Ce soir, je me suis rendu compte qu’elle n’avait plus besoin du marchepied pour se laver les dents. J’avais pris l’habitude de le pousser sous le lavabo mais ce soir, elle m’a devancé dans la salle de bain et s’est tout de suite emparé de sa brosse à dents et du tube de dentifrice. Elle n’a pas eu besoin du marchepied. Pendant que Lisa barbote dans sa bassine, elle renverse le marchepied et comme c’est ceux, elle y crèche toute une ribambelle de peluches et fait mine de leur donner le bain.

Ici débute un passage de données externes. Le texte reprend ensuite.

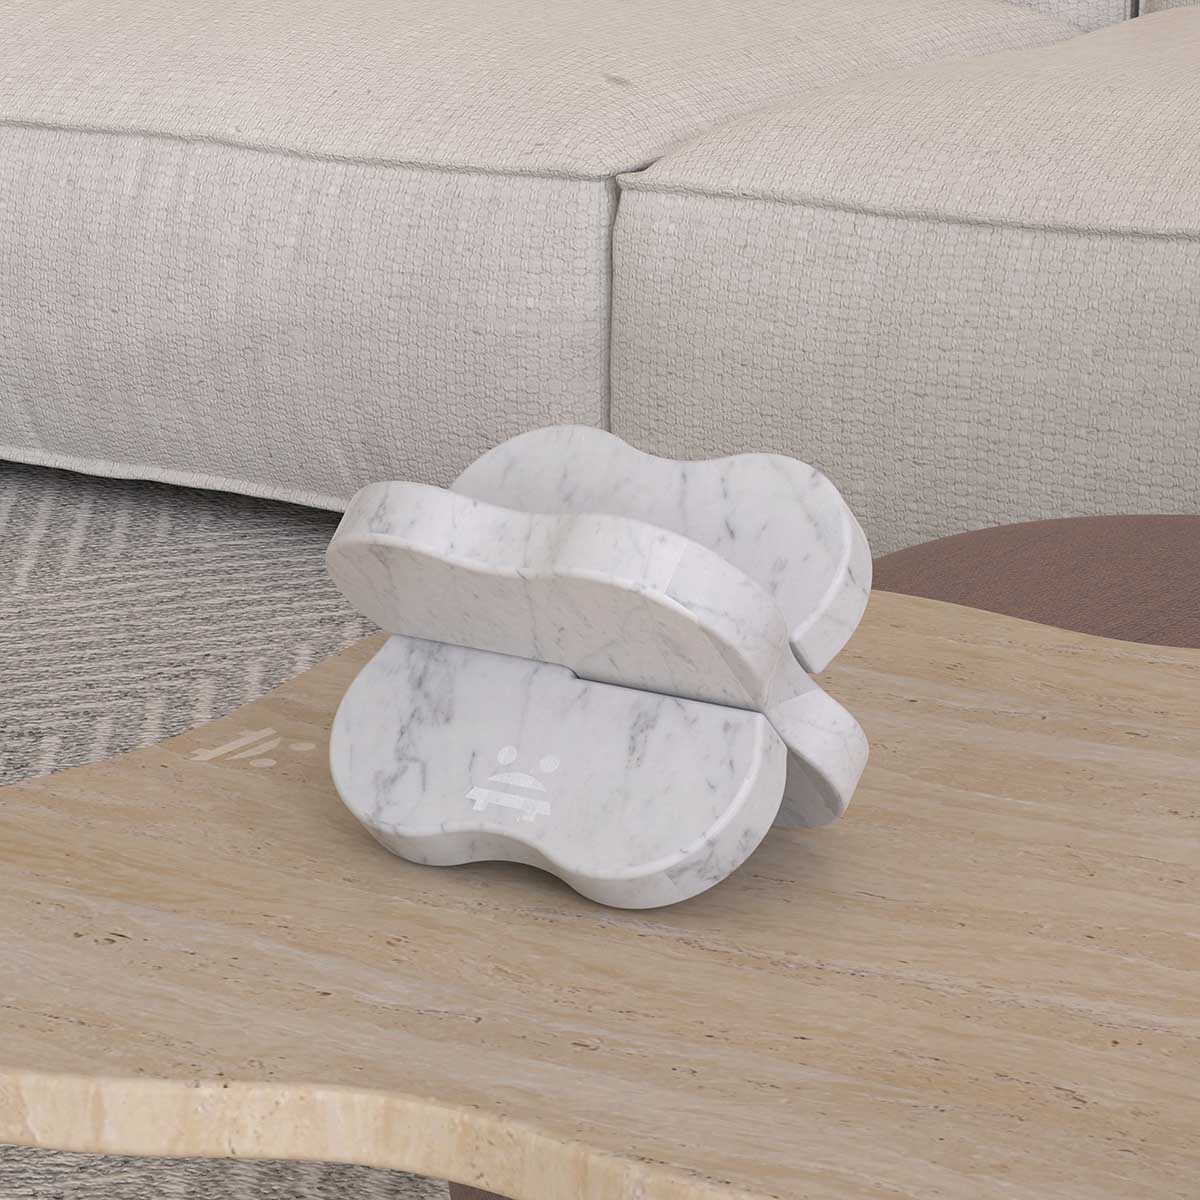 OIXDESIGN LakeMist Table Decor, Italian Carrara Marble, Left Side View

Toute la soirée, on a joué aux pirates. Le canapé était un bateau et si on laissait traîner la main dans l’eau, un requin risquait de l’emporter. Lisa était affublée d’un chapeau d’arlequin et souriait toutes voiles dehors. Marie jacassait au milieu du salon. Elle avait mal à la jambe hier, ne pouvait plus courir dans l’allée qui mène chez Gabi et Nicolas puis elle a oublié la douleur et s’est remise à trotter, à courir. La soirée est passée vite. Elles dorment et je veille. Lisa continue de se réveiller pour sa ration de lait. Deux fois par nuit. Parfois plus.

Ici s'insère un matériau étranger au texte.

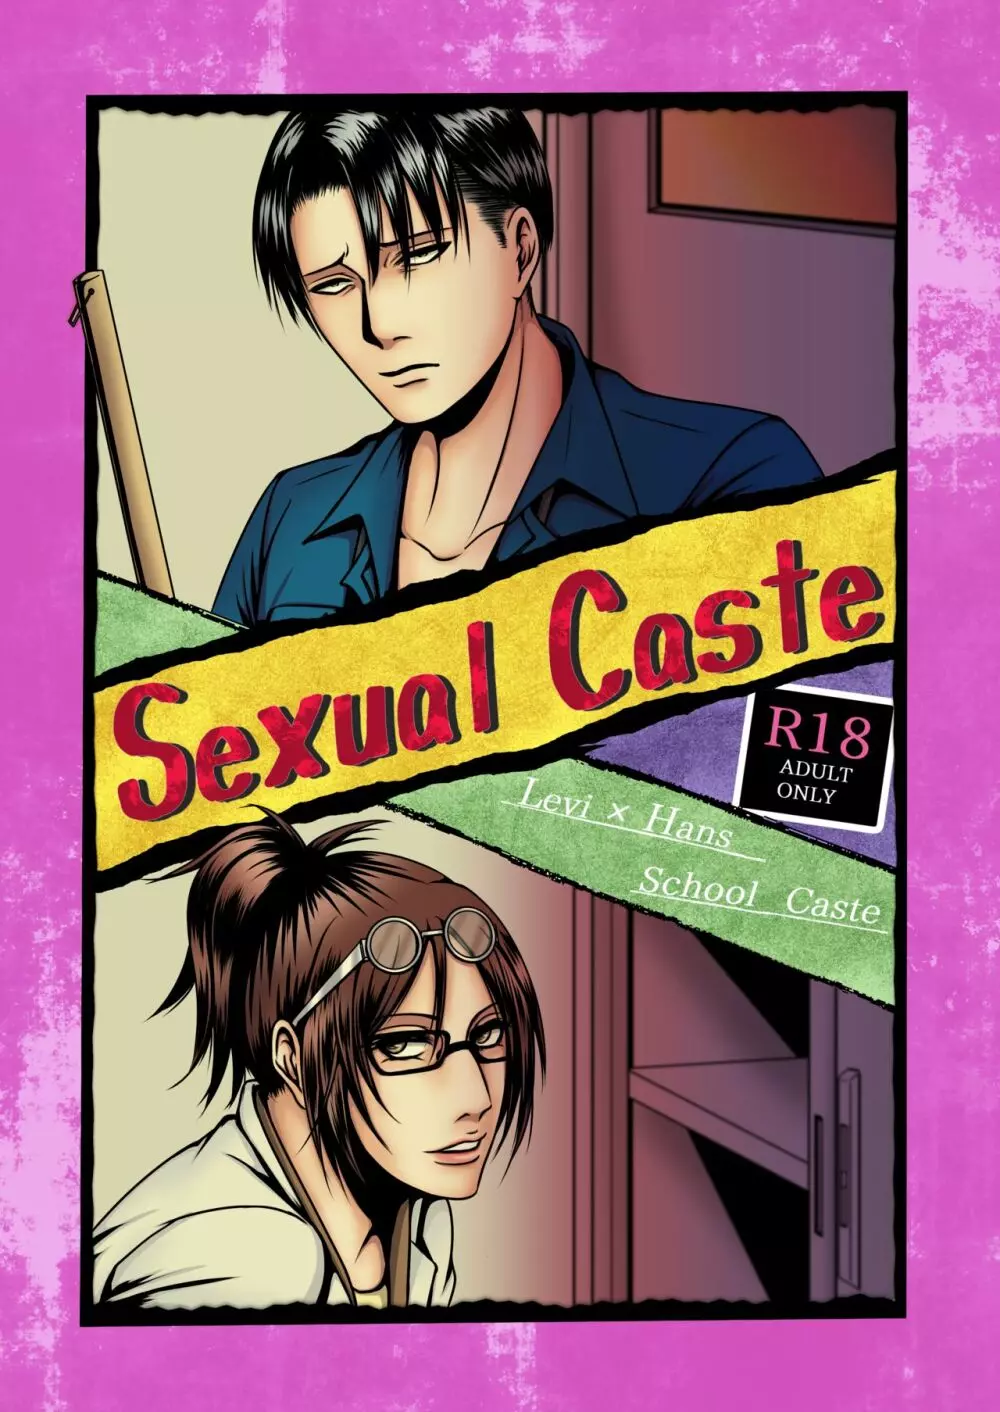 Sexual Caste

J’ai quitté mon poste de travail, éteins les lumières, dévalé les six étages, le portable a sonné au moment où j’atteignais la porte d’entrée, Marie était assise à l’avant, on a roulé sans encombres; à chaque fois qu’elle touchait la vitre avec sa peluche, la vitre s’abaissait, elle ne pouvait pas me voir presser le bouton du tableau de bord. Puis, on a joué aux pirates, au requin, aux anniversaires. Coyote et sa bande. Bipbip. Je n’ai jamais entendu dire que les coyotes chassaient les autruches. La vitre s’est abaissée. Bipbip s’est échappée.
Pendant la nuit, il y a quelques nuits, il y a eu un orage. J’aurais dit que je rêvais mais c’était vrai. En février, en Pologne, un orage a éclaté. En pleine nuit. Ca a commencé avec des rafales de vent montant en puissance jusqu’à ce que le ciel éclate en lambeaux de lumière. La foudre est tombée au loin. Personne ne s’est réveillé. La nuit a continué. Marie demande ce que c’est qu’un mauvais rêve. Le soir, dans la pénombre, chaque mot, chaque phrase, chaque image s’incruste en elle, s’écoule en elle et resurgit les jours suivants. Que l’on puisse faire de mauvais rêves la trouble. Qu’alors, on se réveille dans une chambre vide, qu’on reconnaisse autour de soi le décor familier, que cela même soit rassurant, cela la trouble. La foudre est tombée au loin mais personne ne s’est réveillé. La lumière tambourine dans les rideaux comme le pouls sous la peau. Le vent est tombé tout d’un coup.
Il y a un rat mort dans le jardin. La chatte l’a laissé là et maintenant, elle se pavane langoureusement d’un bout du jardin à l’autre, sous la balustrade le long de la terrasse.